My go-to for appetizers are meatballs, poppers, wings, mac-n-cheese, and beans.  I did bacon candy but that isn't in the regular rotation.  This is the perfect time to be creative or try new things because it is just us.  I always have my pizza dough chilling in the fridge so it is ready in an emergency.


----------



## ksblazer (Dec 27, 2018)

How about some pork burnt ends?


----------



## radio (Dec 27, 2018)

I highly recommend Spam.  Seriously!  I score it deeply in a diamond pattern, put on a light coat of yellow mustard and coat fairly heavily on all sides with Jeff's rub.  When the scored loaf opens up like "Bloomin' Onion" it is ready.  It tastes nothing like your typical fried Spam and everyone I have given some to absolutely loves it.  I have tried it without scoring and don't like it as well as the scoring allows the smoke to penetrate the loaf much more


----------



## RiversideSm0ker (Dec 27, 2018)

Pork shots. They are truly delicious.

George


----------



## biaviian (Dec 27, 2018)

radio said:


> I highly recommend Spam.  Seriously!  I score it deeply in a diamond pattern, put on a light coat of yellow mustard and coat fairly heavily on all sides with Jeff's rub.  When the scored loaf opens up like "Bloomin' Onion" it is ready.  It tastes nothing like your typical fried Spam and everyone I have given some to absolutely loves it.  I have tried it without scoring and don't like it as well as the scoring allows the smoke to penetrate the loaf much more



I love Spam but it swelled the only time I smoked it.  Is that because I didn't score it?  I just threw the entire chunk in the smoker.


----------



## biaviian (Dec 27, 2018)

RiversideSm0ker said:


> Pork shots. They are truly delicious.
> 
> George



I do them often but I never knew they were a thing that had a name.  Sometimes I go for more of a sweet rub instead of the cheese.


----------



## biaviian (Dec 27, 2018)

ksblazer said:


> How about some pork burnt ends?



I've never done them nor am I 100% sure what needs to be done.  It seems very easy but I haven't cared enough to look into it.  I'll give it a shot.  My wife does want to stay healthy but I want smoked stuff so healthy will have to wait until 2019.


----------



## gmc2003 (Dec 27, 2018)

I use cheese and a sweet rub in my pork shots, also moinks and abts are good finger foods. Heck I even made a blooming onion on my kettle a couple of times. A good fatty can serve as an appetizer also. If your interested at all I have the shots, moinks, fatty, and blooming onion in my signature.

Chris


----------



## biaviian (Dec 27, 2018)

gmc2003 said:


> I use cheese and a sweet rub in my pork shots, also moinks and abts are good finger foods. Heck I even made a blooming onion on my kettle a couple of times. A good fatty can serve as an appetizer also. If your interested at all I have the shots, moinks, fatty, and blooming onion in my signature.
> 
> Chris



We aren't a fan of fatties.  I've never head of moinks but it looks like what I do but I often stuff them with cheese.  Sometimes I do more of a traditional meatball that may or may not be stuffed.  I'm planning with ABTs.  I just call them poppers because it is easier for those that haven't had one.


----------



## radio (Dec 27, 2018)

biaviian said:


> I love Spam but it swelled the only time I smoked it.  Is that because I didn't score it?  I just threw the entire chunk in the smoker.

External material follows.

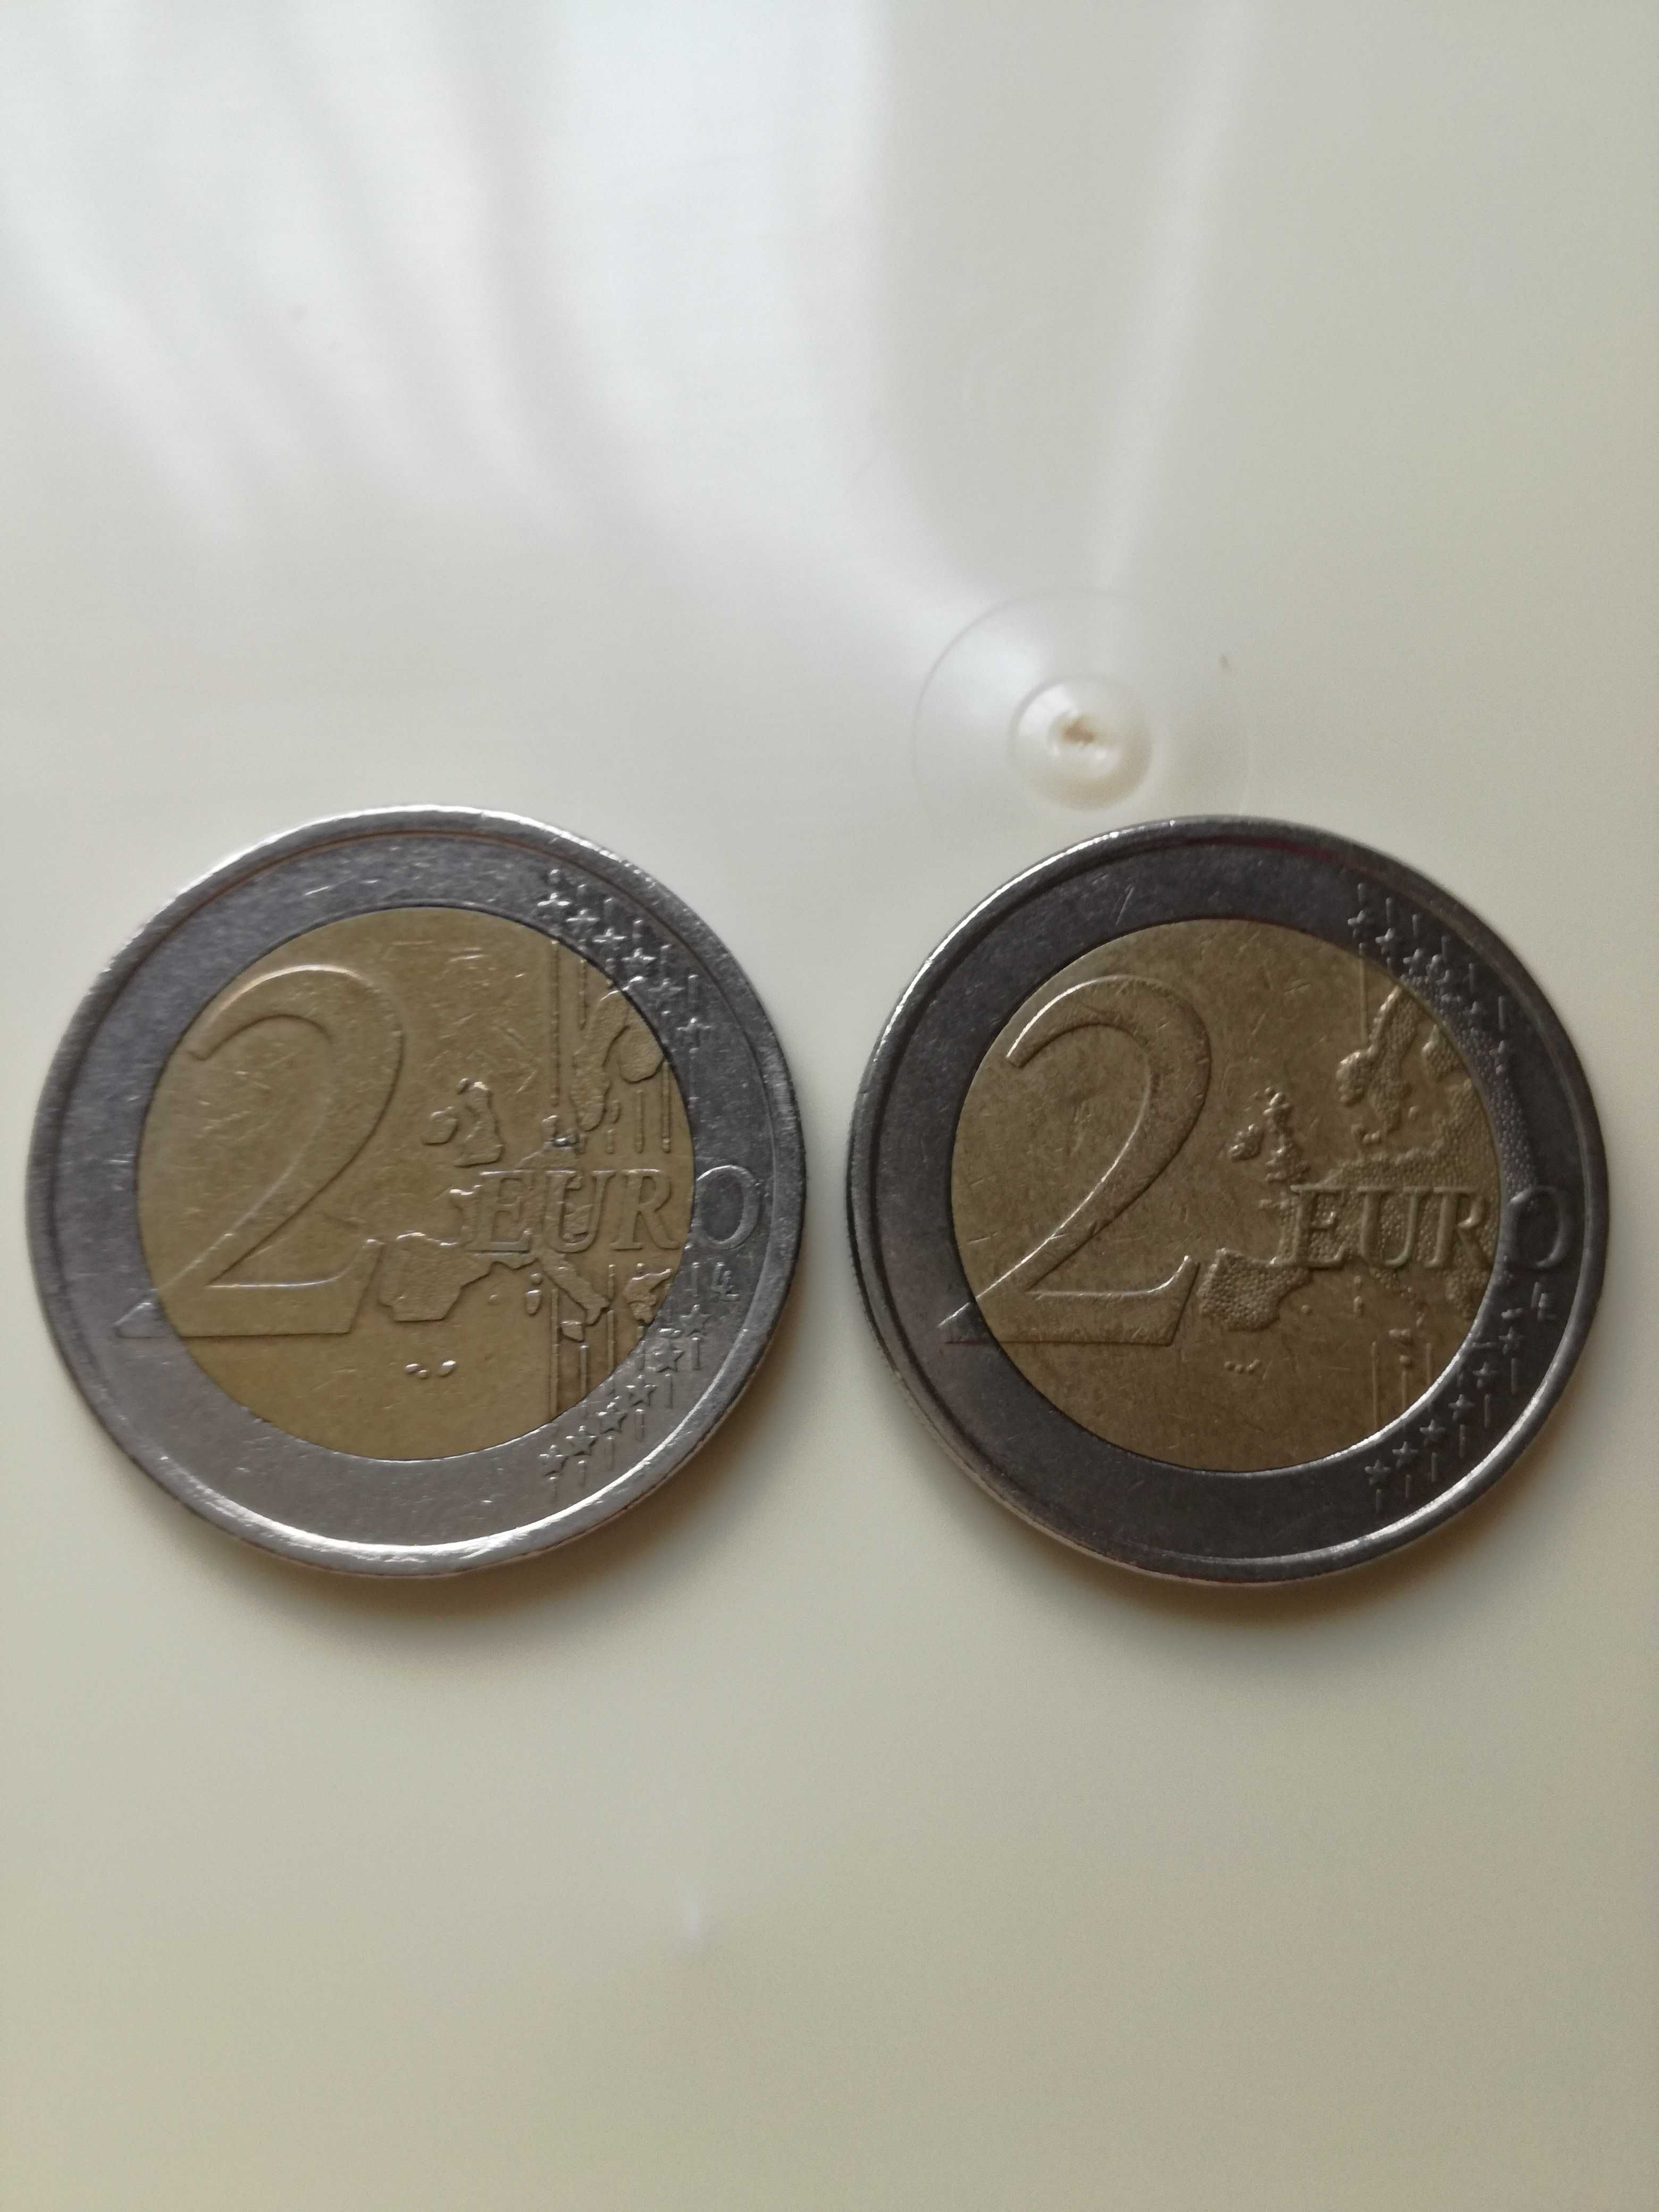 Vand monede rare cu eroare de 2 euro Finlandeze 1 euro din 1999

Most likely because you didn't score it.  I cut about 2/3 of the way through the loaf in a criss cross pattern of 3-4 cuts each direction.  The loaf will open up at the scores by at least half an inch.  I have not checked internal temp, but just pull it when it "blooms".


----------



## KrisUpInSmoke (Dec 27, 2018)

https://www.pauladeen.com/recipe/bacon-crisp/

You can also use a teaspoon of Brown sugar on the Club cracker instead of the parmesan. Make some of each. Perfect for the smoker!


----------



## Shootr (Dec 27, 2018)

Somebody here did scotch eggs a while back that looked fantastic.


----------



## lovethemeats (Dec 27, 2018)

radio said:


> I highly recommend Spam.  Seriously!  I score it deeply in a diamond pattern, put on a light coat of yellow mustard and coat fairly heavily on all sides with Jeff's rub.  When the scored loaf opens up like "Bloomin' Onion" it is ready.  It tastes nothing like your typical fried Spam and everyone I have given some to absolutely loves it.  I have tried it without scoring and don't like it as well as the scoring allows the smoke to penetrate the loaf much more



Alright! GOT TO LOVE THE SPAM! Have to give this a try. Never even thought about the spam. My wife hates the stuff which is great because its more for me. Thank you for bringing that up.


----------